Но Эдди уже здесь. Вот он — выбравшись из ущелья, пересекает поляну. К горлу Дэниэла подступает тошнота. Он резко двигает к стене складной стол, и коробки летят на пол. Сверху падают металлические складные стулья.
— Хватит! — огрызается Бруна. — Довольно!
Но Дэниэла уже не остановить. Он ошеломлён собственным страхом, безмерным, неодолимым. Это чужеродный страх, надо его пресечь на корню. Дэниэл делает шаг к столу возле раковины, стволом револьвера сбивает иконы. Хватает с сидений коробки и вытряхивает на пол содержимое — газеты и консервы, игральные карты и карты Таро, старые документы и фотографии. Бруна с криком тяжело поднимается с дивана, но Дэниэл идёт мимо неё в спальню. Сорвав с двери деревянный крест, швыряет в стену.
— Не имеешь права! — завывает Бруна, еле держась на ногах. — Здесь мой дом! — Белки её глаз в красных прожилках, мешки под глазами влажно блестят. — Я здесь живу много лет, никуда отсюда не уйду. Нету у тебя права. Я тоже американка, как ты.
Дэниэл хватает её за запястье, на удивление хлипкое, как цыплячье крылышко.
— Нечего себя со мной равнять, — отвечает он.
Дверь фургона распахивается, и на пороге вырастает Эдди. Он в штатском — в кожаной куртке и джинсах, — но на груди полицейский значок, и револьвер наготове.
— Дэниэл, — приказывает он, — бросьте оружие.

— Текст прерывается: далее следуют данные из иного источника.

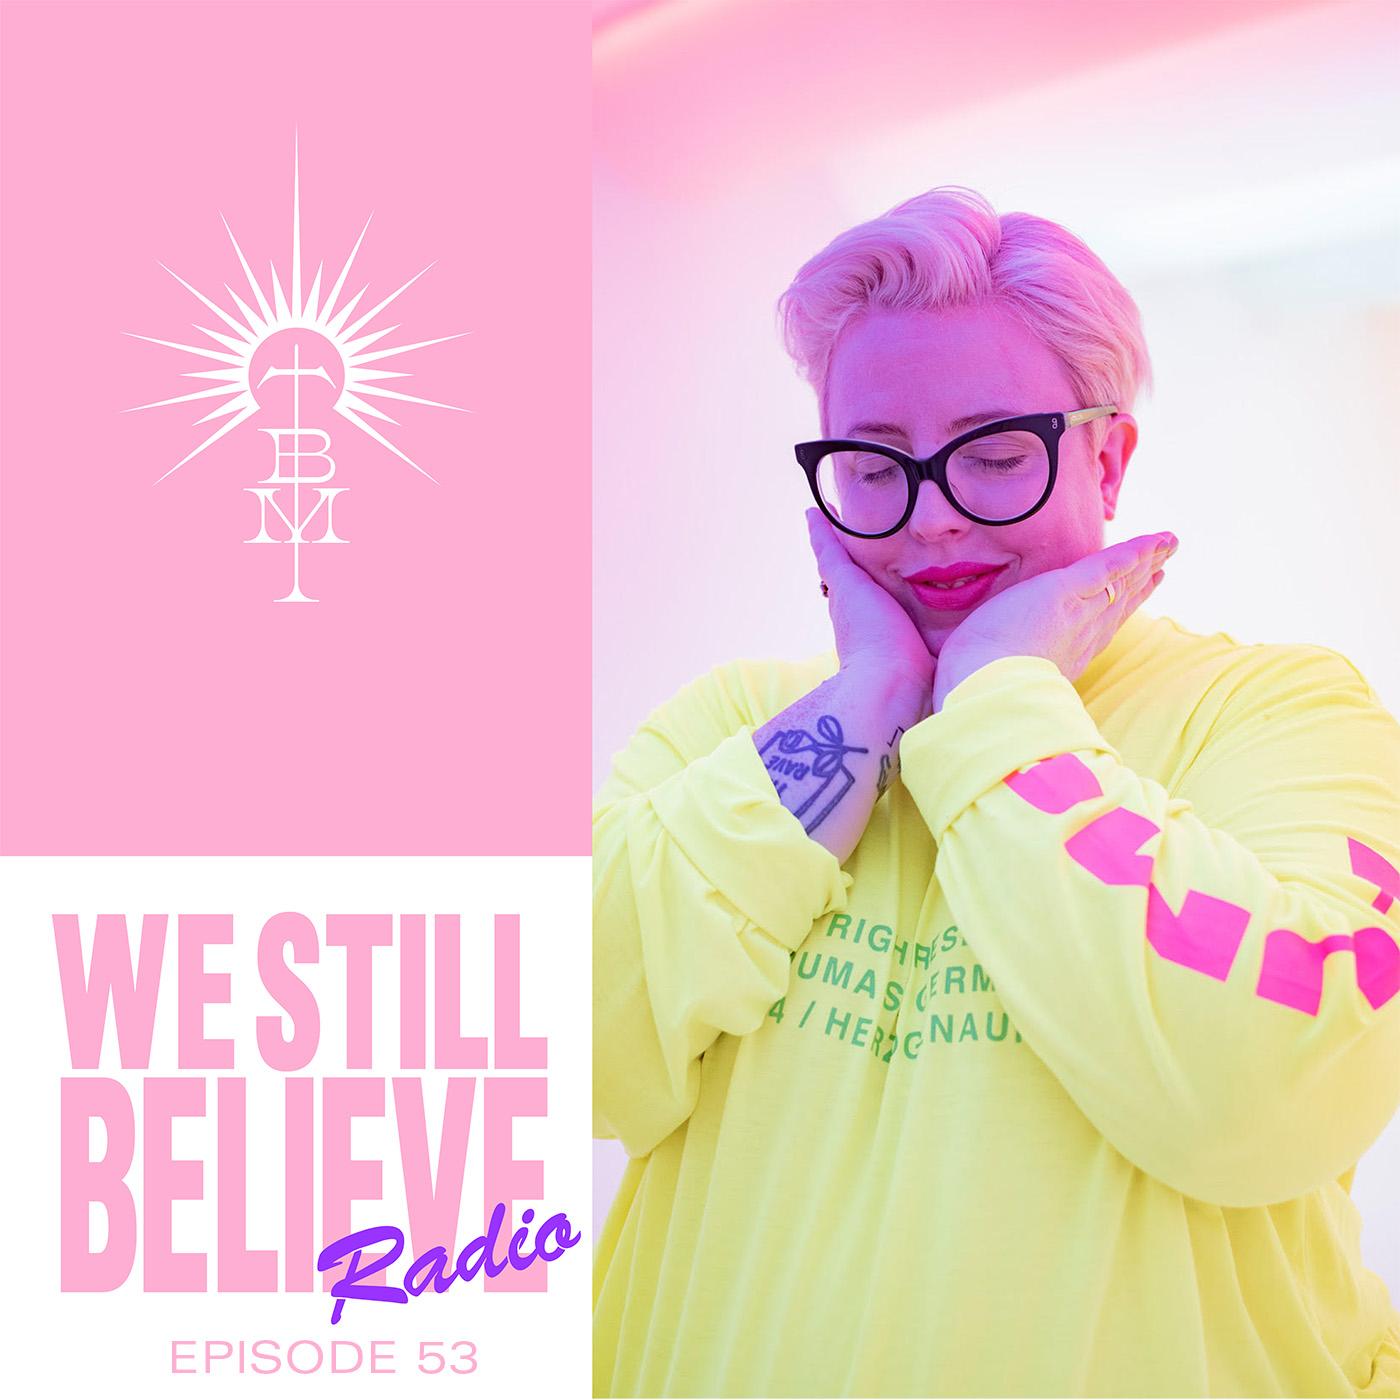 We Still Believe - Episode 053 - WBMX Mixtape Special

Дэниэл качает головой. Нечасто ему приходилось совершать смелые поступки, и один предстоит совершить сейчас — за Саймона, всю жизнь скрывавшего, что он гей; за Клару, повесившуюся на люстре; за Шауля, работавшего по двенадцать часов в день, чтобы его детям не пришлось так надрываться. И за Герти, всех их потерявшую. Во имя веры. Веры не в Бога, а в себя. Не в судьбу, а в свободу воли. Он выживет. Будет жить. Вера в жизнь.
Не выпуская тощего запястья Бруны, он подносит револьвер к её виску, та морщится.
— Дэниэл! — рявкает Эдди. — Я буду стрелять!
Но Дэниэл почти не слышит. Мысль о том, что он невиновен, дарит ему свободу, поднимает его ввысь, как воздушный шар. Он смотрит сверху вниз на Вруну Костелло. Ещё недавно он думал, будто связан с ней чувством долга. Сейчас он не помнит, что у них было общего.
— Акана мукав тут ле дэвлэса, — бормочет напряжённым шёпотом Бруна. — Акана мукав тут ле дэвлэса. Вверяю тебя Господу.
— Послушайте меня, Дэниэл, — просит Эдди, — ещё немного — и я уже не смогу вам помочь.
У Дэниэла вспотели ладони. Он взводит курок.
— Акана мукав тут ле дэвлэса, — повторяет Бруна. — Вверяю тебя…
Часть четвёртая
Место для жизни
2006–2010. Место для жизни
Фрида голодна.
Варя заходит в виварий в половине восьмого, а обезьянка уже стоит на задних лапах, цепляясь за прутья клетки. Другие обезьяны встречают Варю писклявым гомоном, предвкушая завтрак, одна только Фрида издаёт всё то же отрывистое тявканье, что и неделю, и две назад. «Ш-ш-ш, — шепчет Варя, — ш-ш-ш». Каждая обезьяна получает кормушку с секретом: нужно прокатить гранулу корма сквозь жёлтый пластмассовый лабиринт к дырочке на дне, — пусть сами добывают пищу, как на воле. Фридины товарки возятся с кормушками, а Фрида оставляет свою на полу клетки. Головоломка для Фриды проста, заполучить корм для неё секундное дело. Но она смотрит на Варю и тревожно кричит, разевая рот так широко, что туда уместился бы апельсин.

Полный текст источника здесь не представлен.